[Data shown]:
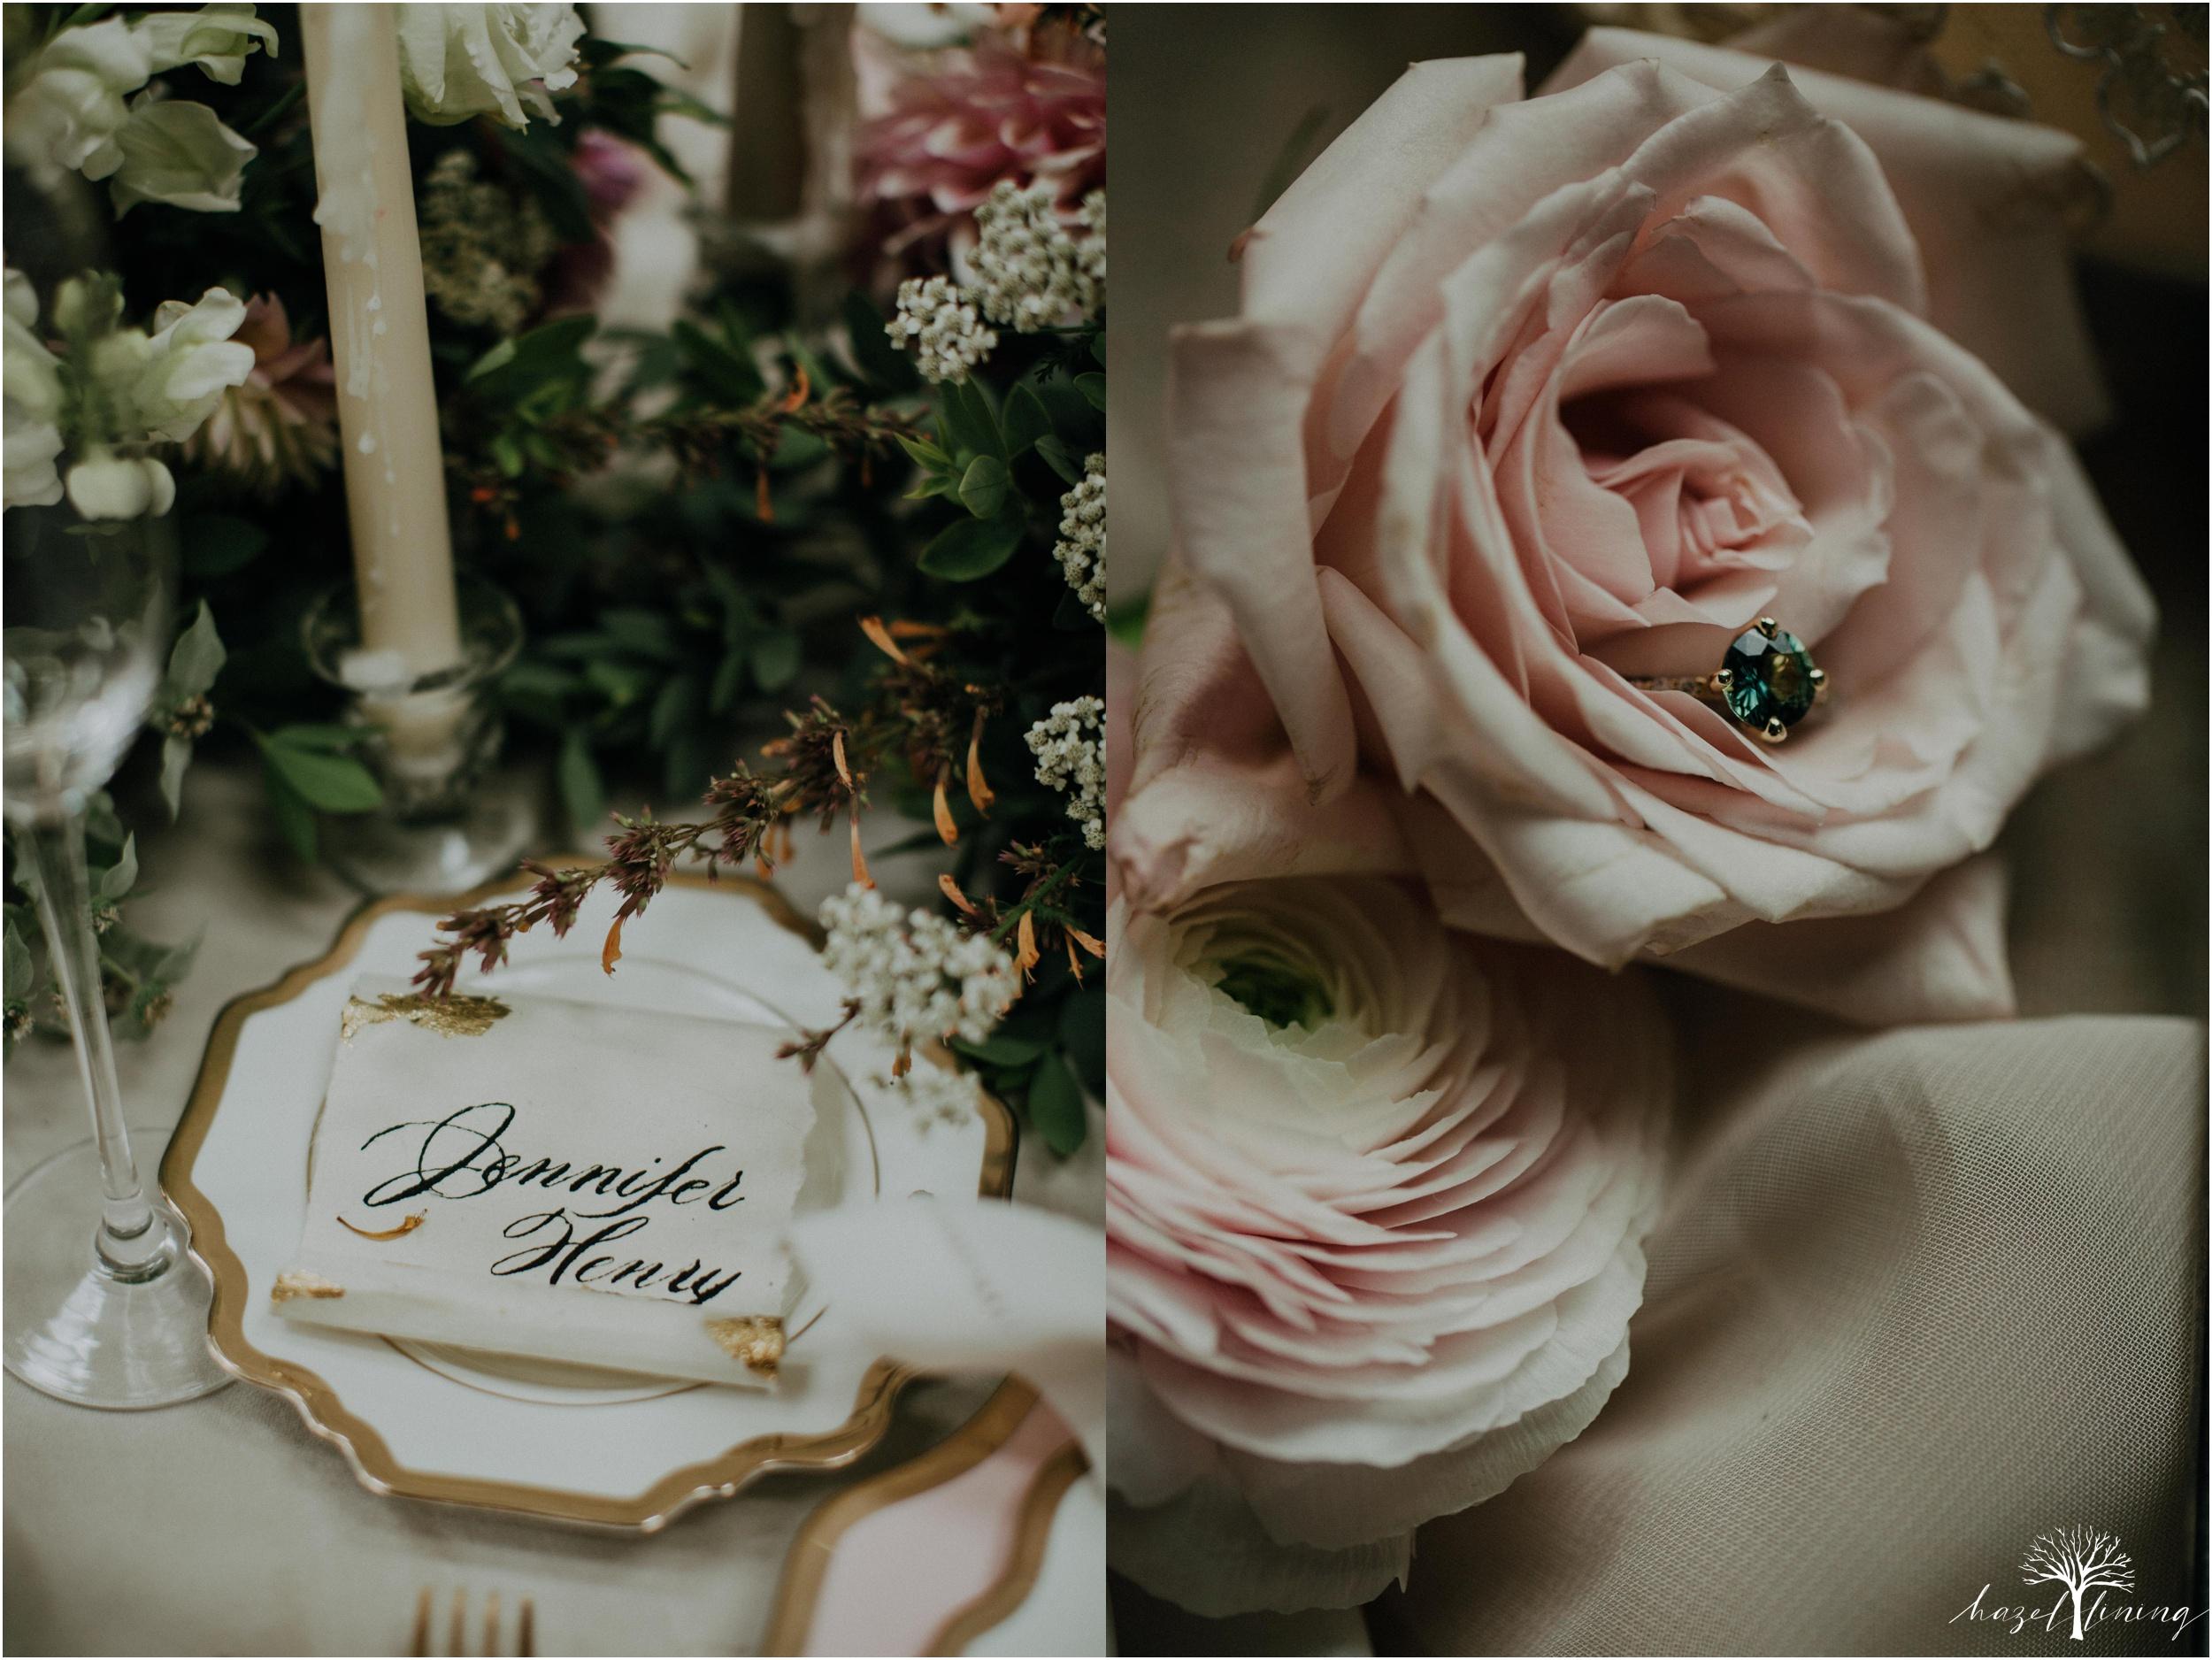 carl-chloe-the-ryland-inn-whitehouse-station-new-jersey-styled-squad-hazel-lining-photography-destination-elopement-wedding-engagement-photography_0011.jpg
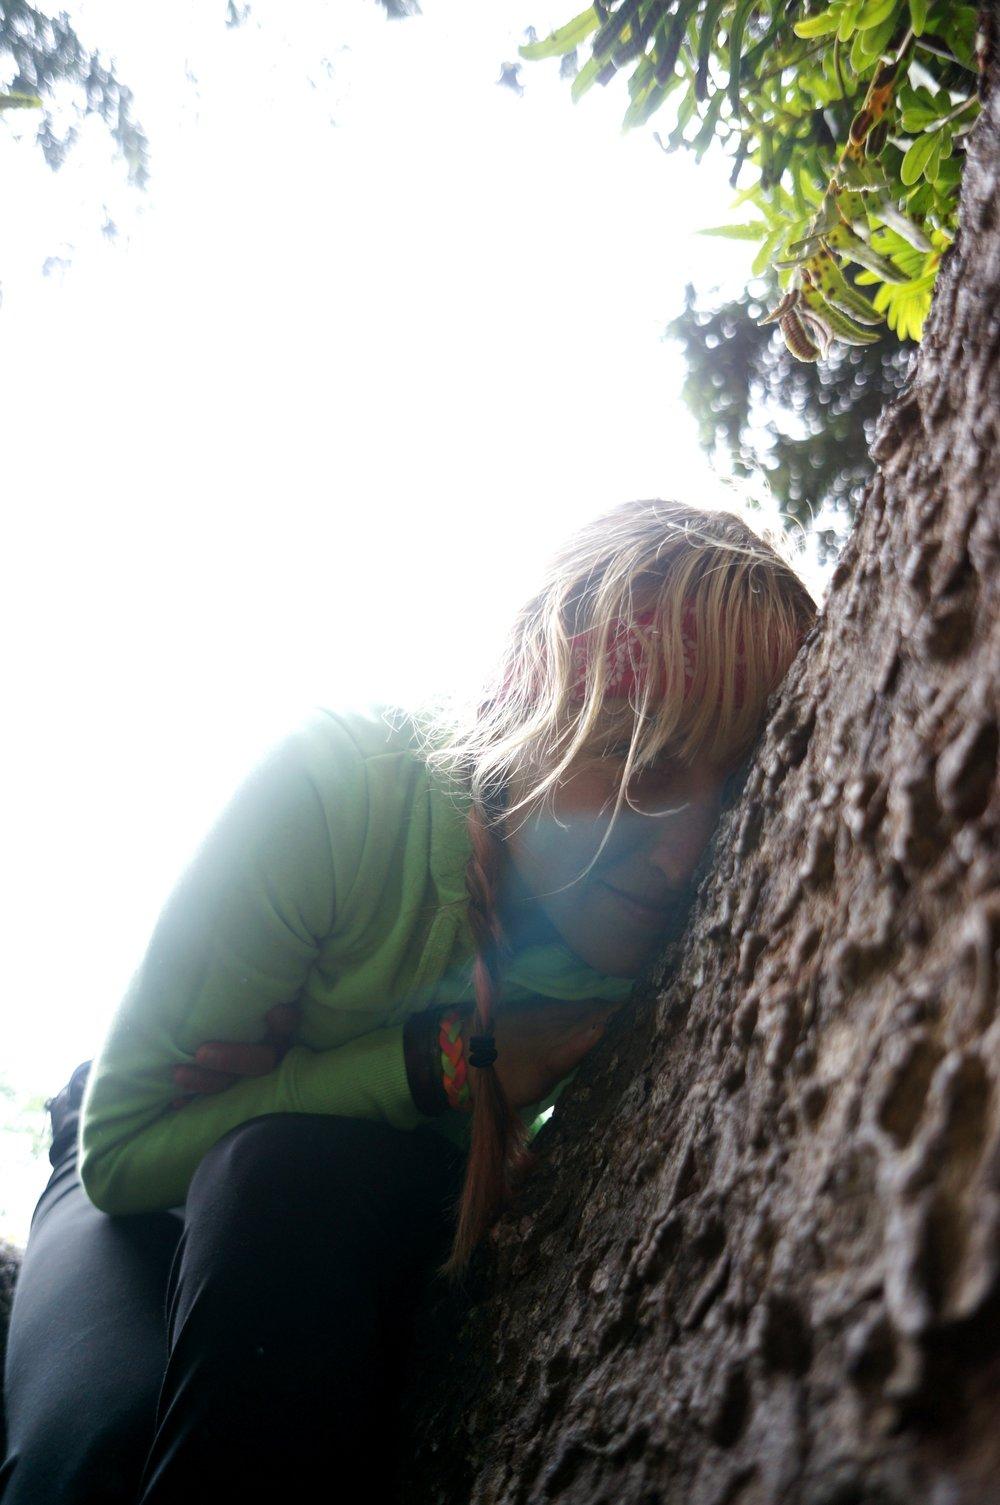 oregon_fern_canyon_candice_tree.jpg
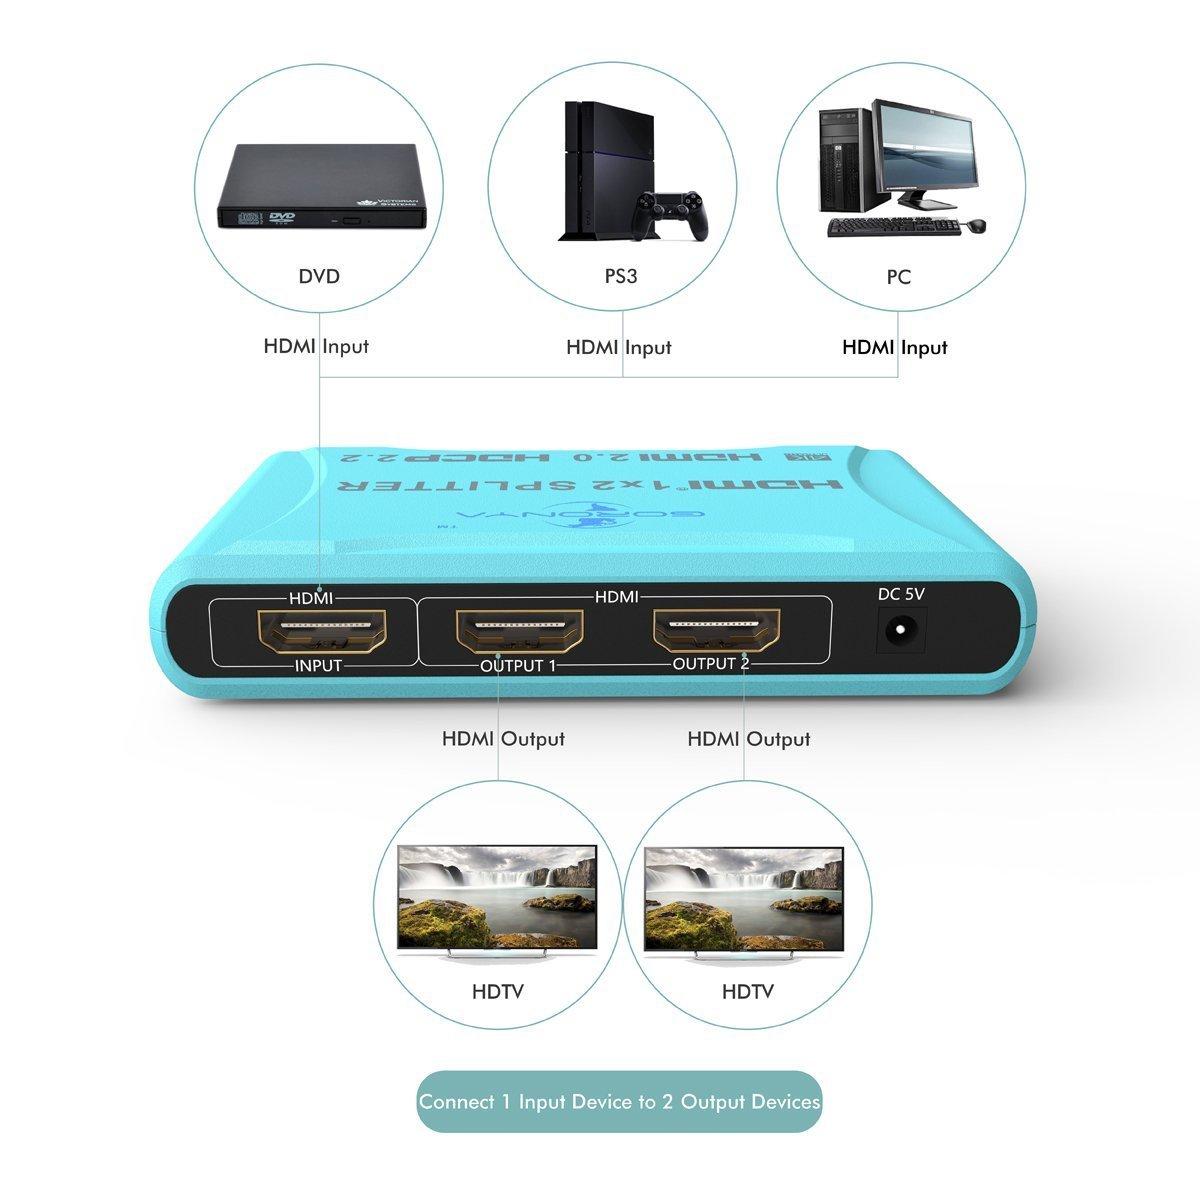 Amazon.com: [TRUE 4K] Goronya 2 Port HDMI to HDMI Splitter with HDMI ...
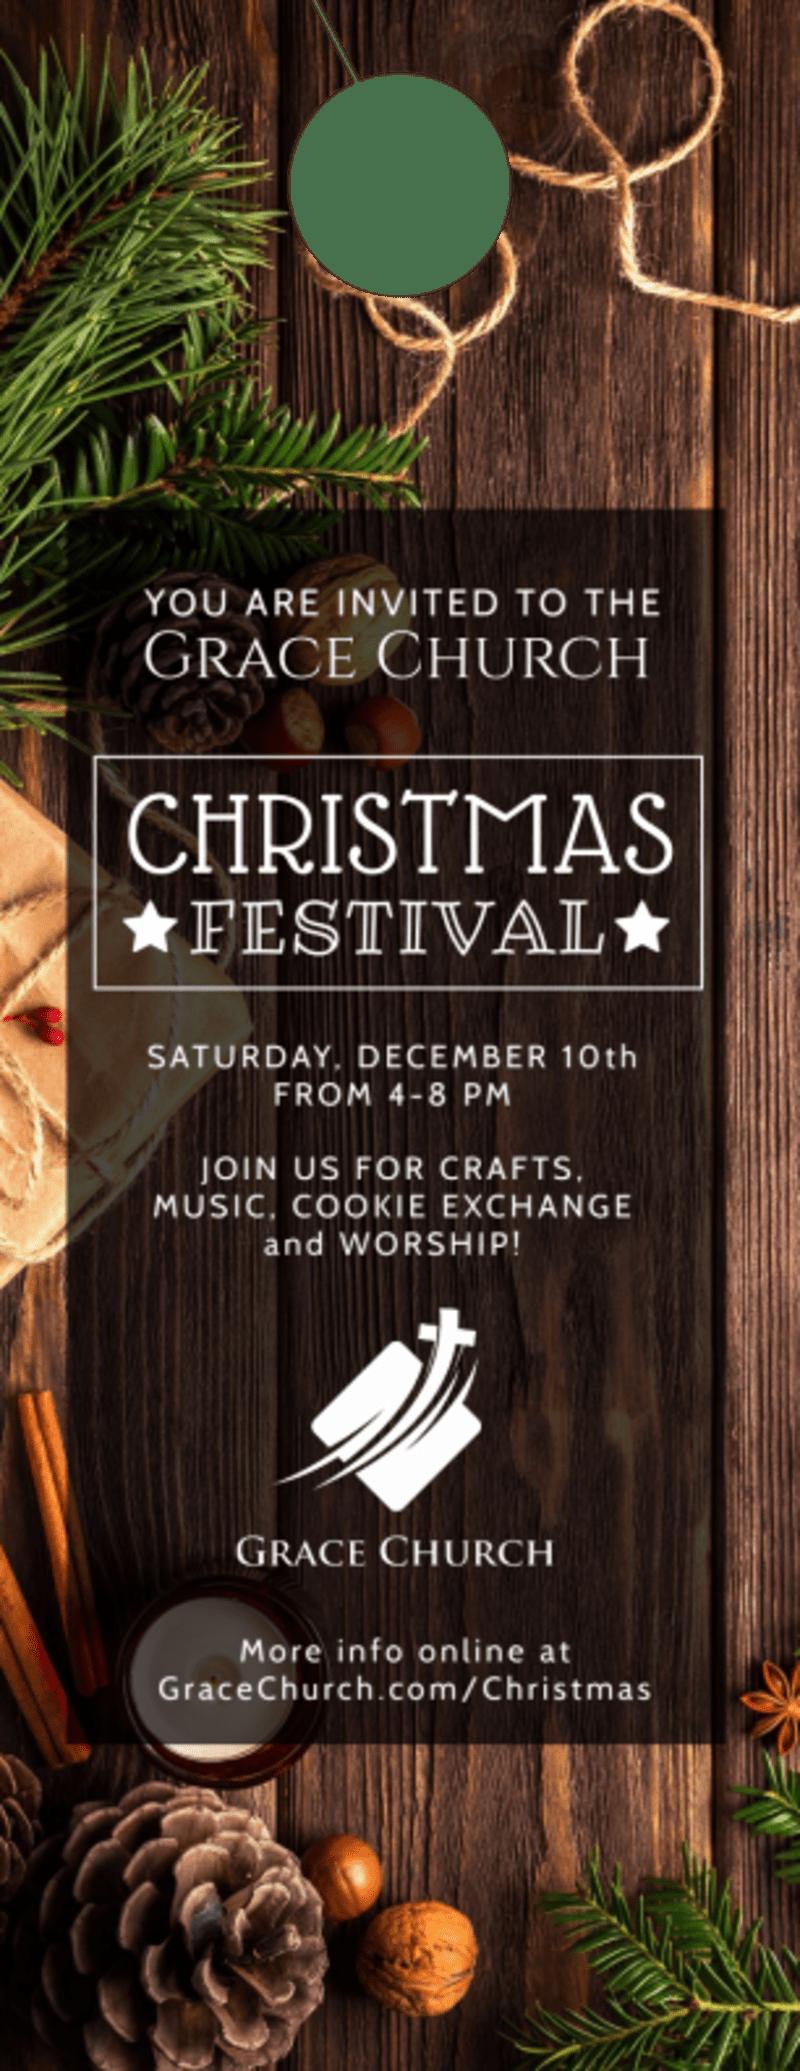 Church Christmas Festival Door Hanger Template Preview 2

[Exercise]: What you give back must be the data above, reproduced exactly and free of pictures.

[Output of the task]:
 carl-chloe-the-ryland-inn-whitehouse-station-new-jersey-styled-squad-hazel-lining-photography-destination-elopement-wedding-engagement-photography_0011.jpg
 oregon_fern_canyon_candice_tree.jpg
 Amazon.com: [TRUE 4K] Goronya 2 Port HDMI to HDMI Splitter with HDMI ...
 Church Christmas Festival Door Hanger Template Preview 2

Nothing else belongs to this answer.